** WORK TO COMPLETE **
Everything in the data gets repeated exactly, except for the pictures.

** INPUT DATA **
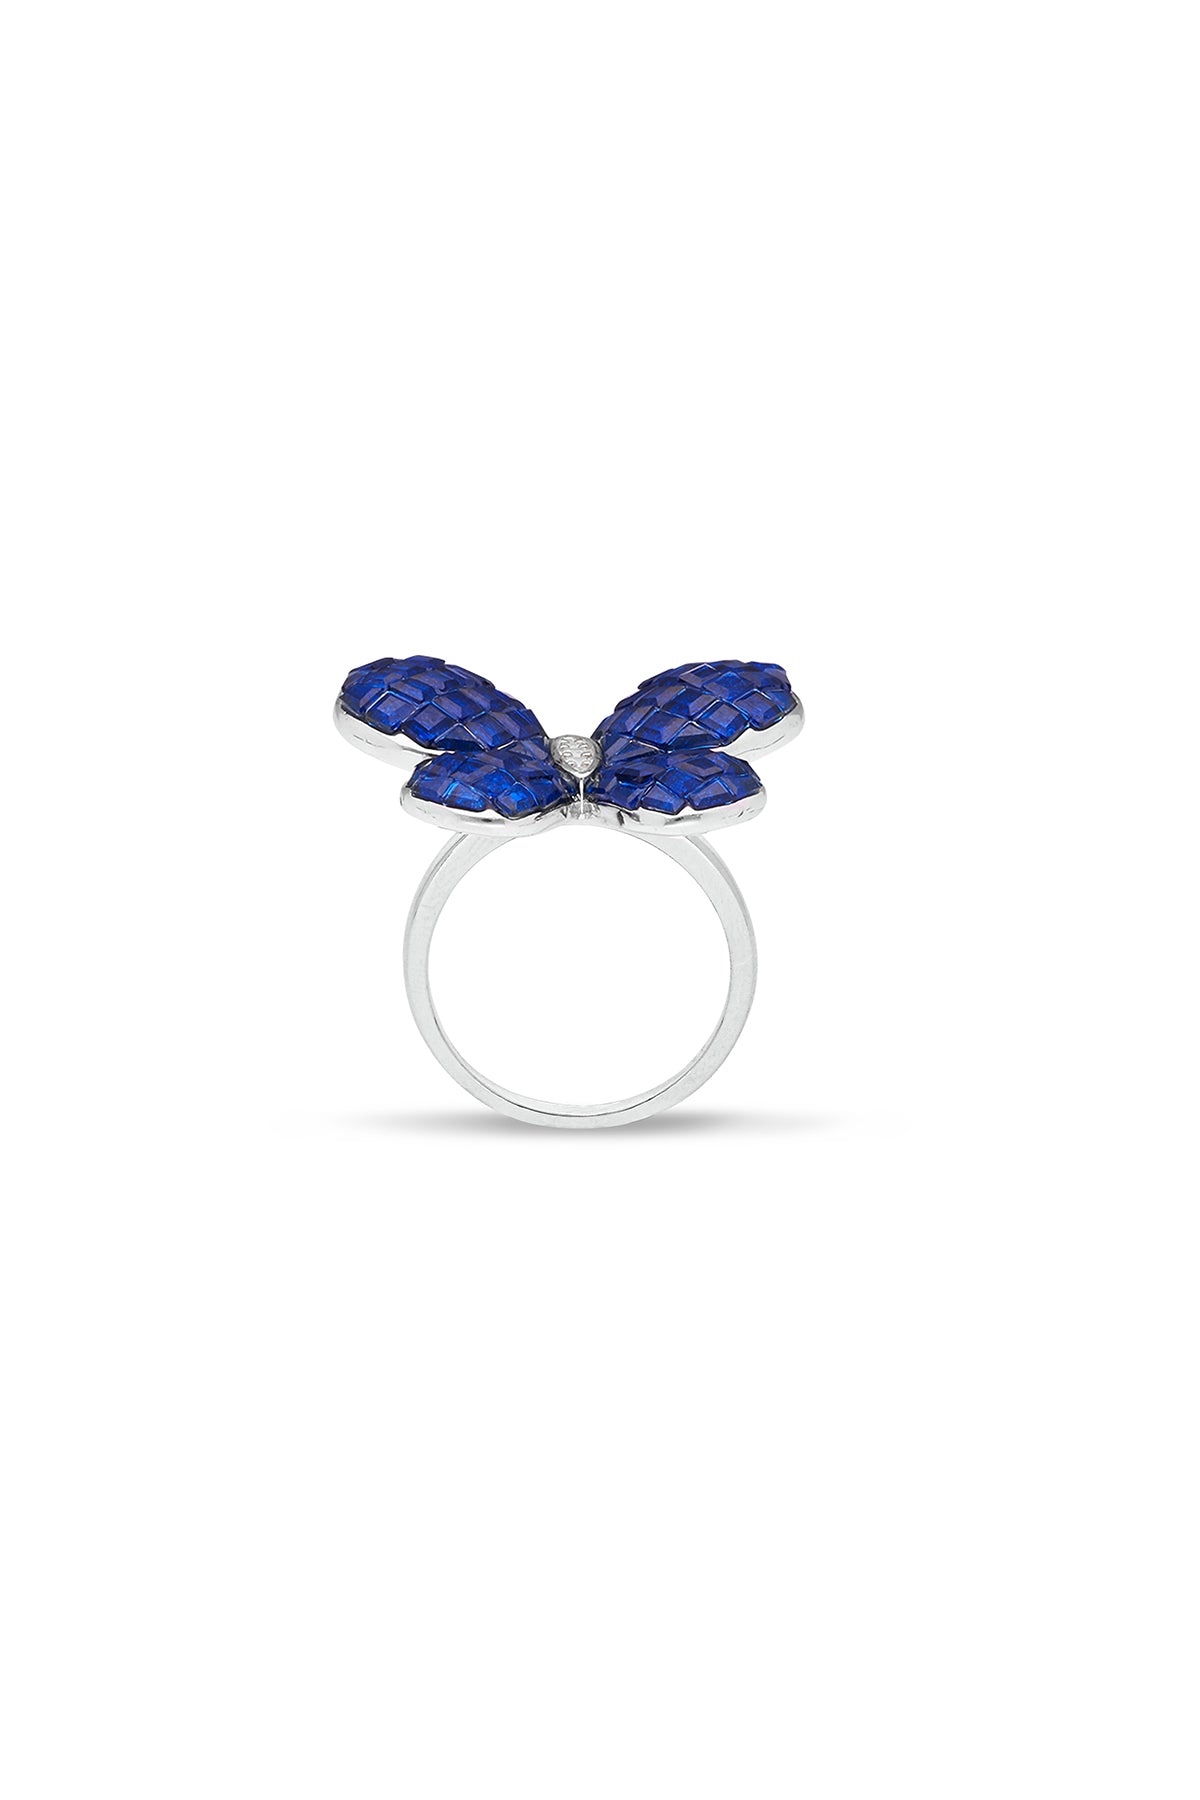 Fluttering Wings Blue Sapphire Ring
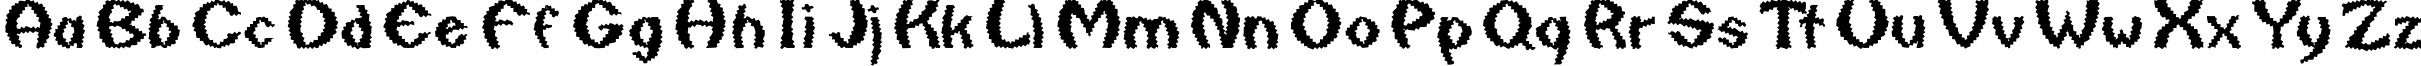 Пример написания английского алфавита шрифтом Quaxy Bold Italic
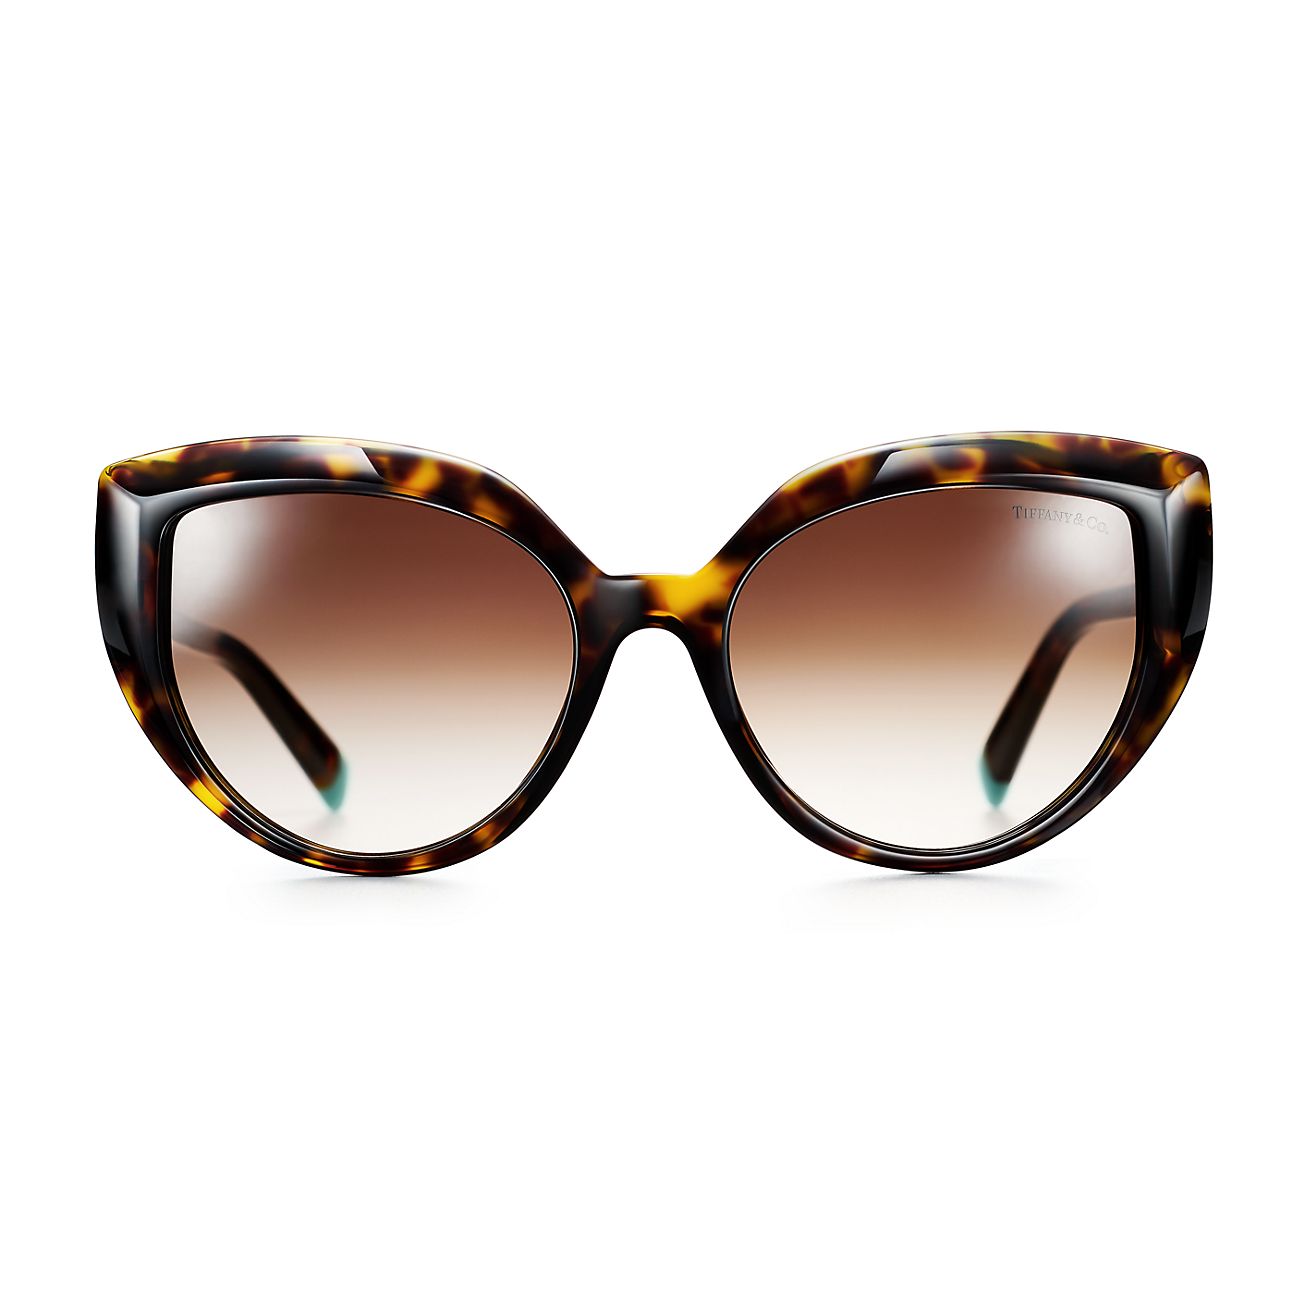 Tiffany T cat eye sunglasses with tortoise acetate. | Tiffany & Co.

** ANSWER SECTION **
 Fluttering Wings Blue Sapphire Ring
 Пример написания английского алфавита шрифтом Quaxy Bold Italic
 Tiffany T cat eye sunglasses with tortoise acetate. | Tiffany & Co.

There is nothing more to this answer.